Aucune consigne, seulement la volonté de le valoriser. En comparaison à d’autres journaux locaux au niveau national, Centre Presse traite à sa juste valeur l’équipe du RAF. De plus, le contexte dans lequel elles évoluent, incite à la faire avec une progression constante et des résultats favorables.  

 

*Tout autre sujet, tu m’avais confié que c’était plutôt embêtant de faire un article sur l’ESCC, peux-tu nous en rappeler les raisons ?
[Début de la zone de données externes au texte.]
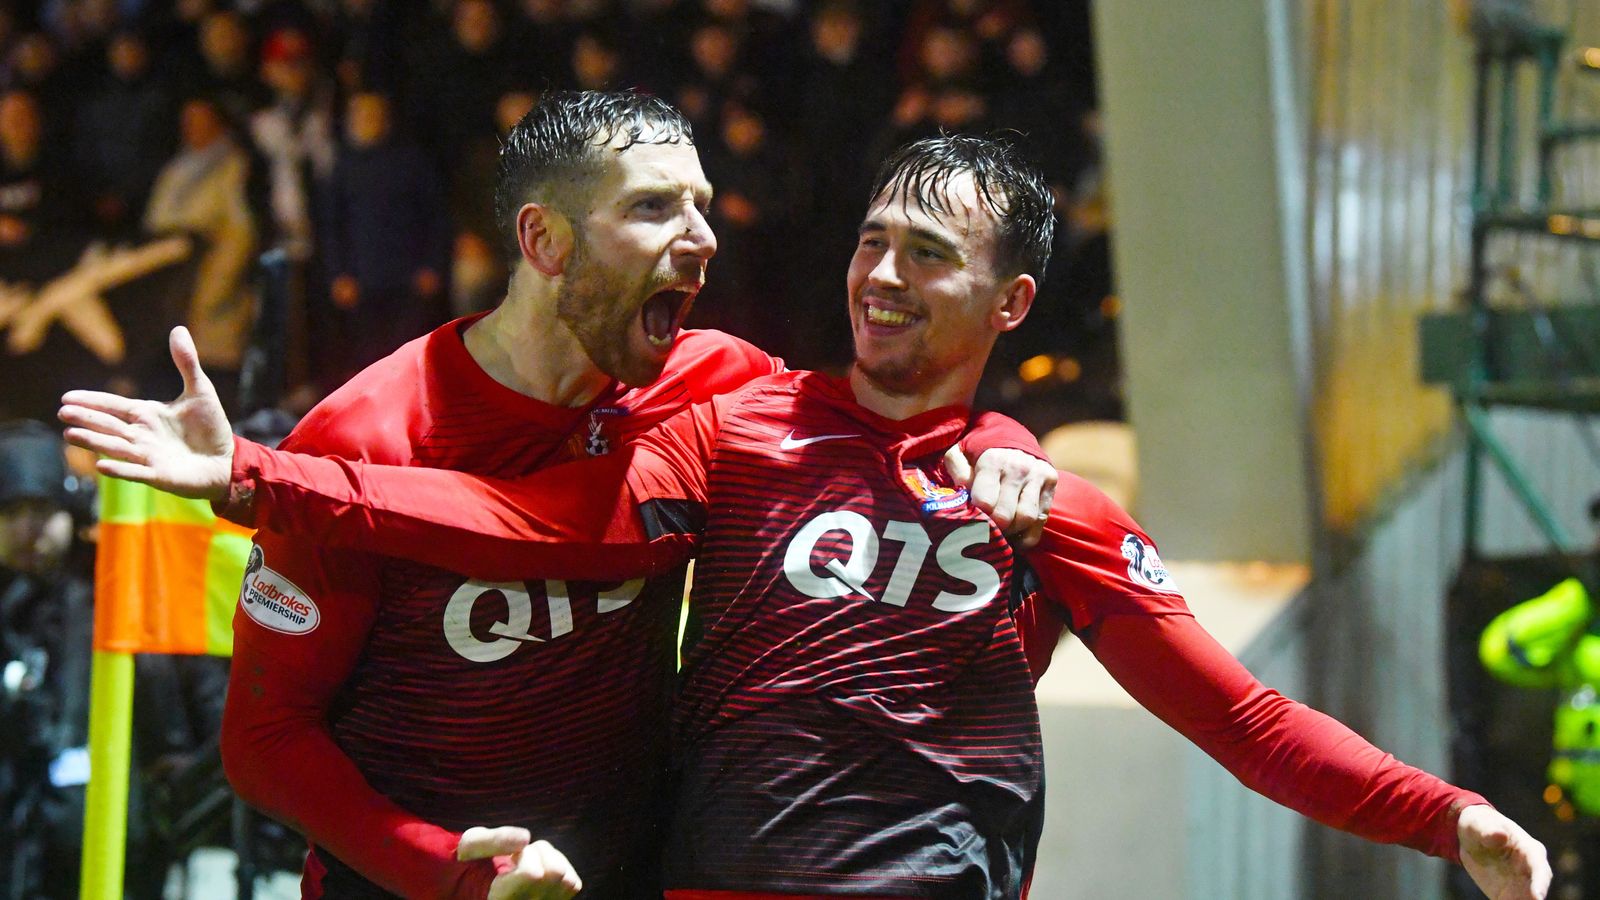 St Mirren 0 - 1 Kilmarnock - Match Report & Highlights

(rires), c’est surtout lié au nom des habitants et vous, ça fait trop long si l’on doit le citer !!! On a déjà eu des coups de fil de lecteurs pour nous signaler qu’on avait oublié une partie du nom de votre club (ndlr : aucun des dirigeants n’étaient au courant !). C’est bien, c’est un signe qu’ils lisent le journal ! (rires).

 

Un mot sur notre club ?

C’est un club que lequel on a un œil attentif par rapport à son dynamisme et à l’image sympa renvoyée. Les parcours en coupes des filles et de l’équipe fanion y contribuent aussi, côté sportif.

 

 

*Si je te dis qu’il serait possible d’associer foot et culture, tu me réponds :

Oui complètement ! Plein de bouquins pourraient le confirmer notamment un récent sur le drame du Heysel (« Dans la foule », L. Mauvignier). Sans trop intellectualiser l’approche du football, le travail que fait SoFoot avec les différentes rencontres et interviews de réalisateurs/acteurs est remarquable (Walter Salles, François Berléand…) et va dans ce sens.

 

*Un dernier mot :

Il est toujours bon de rappeler qu’il est essentiel de distinguer communication et information. En effet, sous prétexte de proximité, cette distinction est parfois difficile, et le support papier aurait tendance à être dénaturé. Toutefois, c’est une problématique commune aux journaux et aux médias actuels. Une certaine éducation est à revoir ainsi que la conception de la presse. Néanmoins, en Aveyron, nous sommes relativement épargnés mais ce « fléau » aurait tendance à se développer.

 

 

Merci à Maxime pour sa disponibilité et sa participation à cette première.

L'ESCC.

#1 - La passe appuyée - Invité : Maxime Raynaud.